There are similar formulations elsewhere in the regulations. So what is the problem? The problem is that some results of research belong in the public domain, and some require what the Act and regulations refer to as ‘protection’ but which would be better described as ‘control’ and that control can best be achieved through open licences, licences which indeed ‘protect’ knowledge by ensuring that uses remains open.
The phrase ‘or protection through established means’ is the most troubling, because it ignores of the decades old success of FOSS, Free Open Source Software, in the computer industry, and of the history of science itself which regarded knowledge as a commons, until the recent incursion of Thatcherite economics. Both of these are more far more ‘established’ than the recent American fad for software patents.

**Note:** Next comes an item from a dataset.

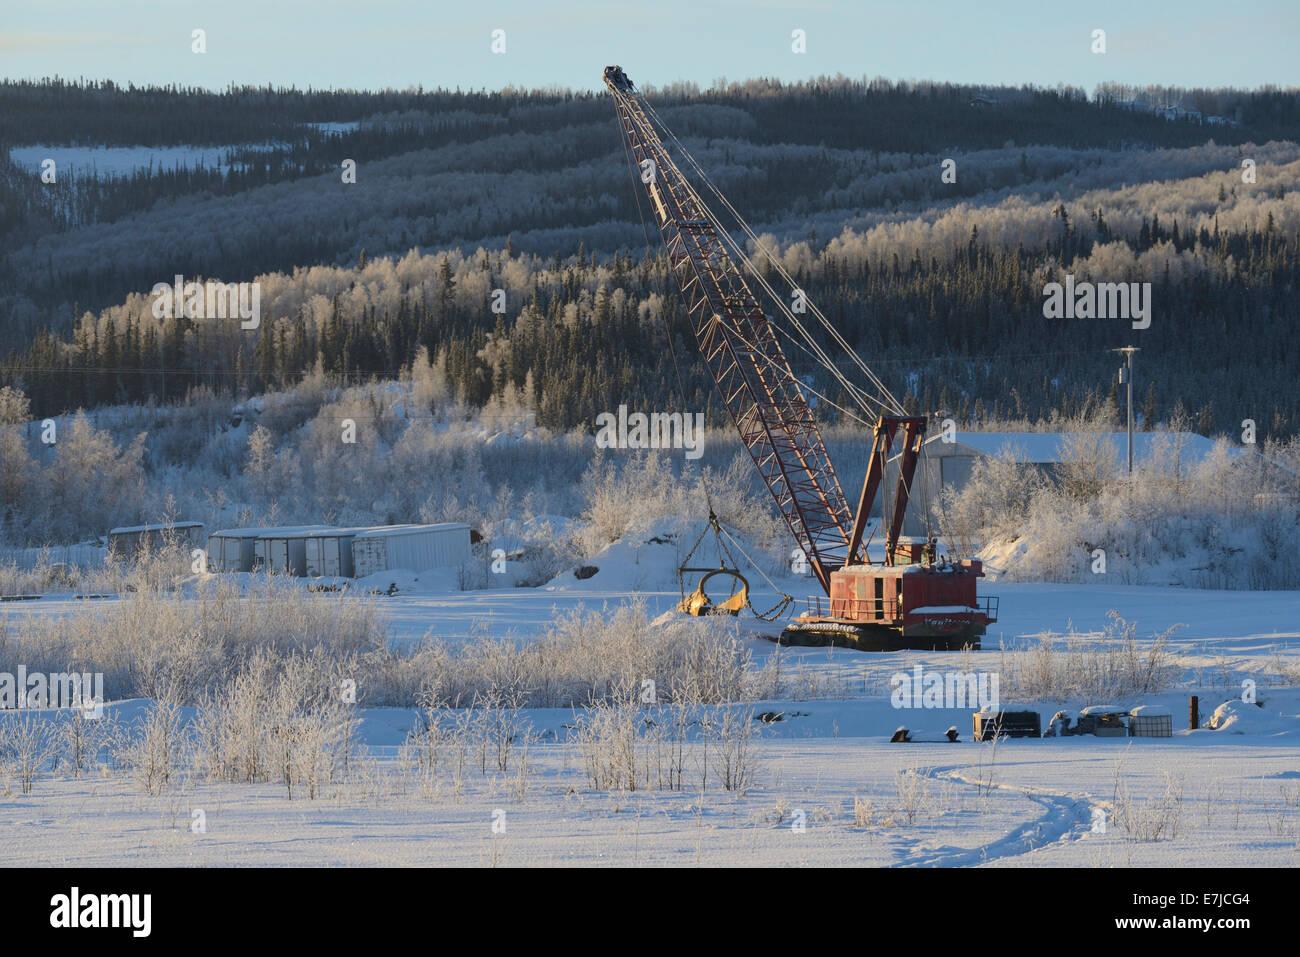 USA, United States, America, Alaska, Fairbanks, Far north, gold rush, mining, crane - Stock Image

The regulations should simply exempt research results which are best protected by being placed in the commons, for example, software which is open source software should be placed in a category that exempts researchers and research institutions from having to apply for it to be patented/non patented. Others, such as genetic data, are best placed in the public domain, so that knowledge will advance faster. The South African research community is best placed to create guidelines.
However the regulations don’t do this, instead they require that every result which is best placed in the public domain, or protected in the commons by an open licence should require that busy researchers have to pause their research while waiting for permission from an administrative bottleneck.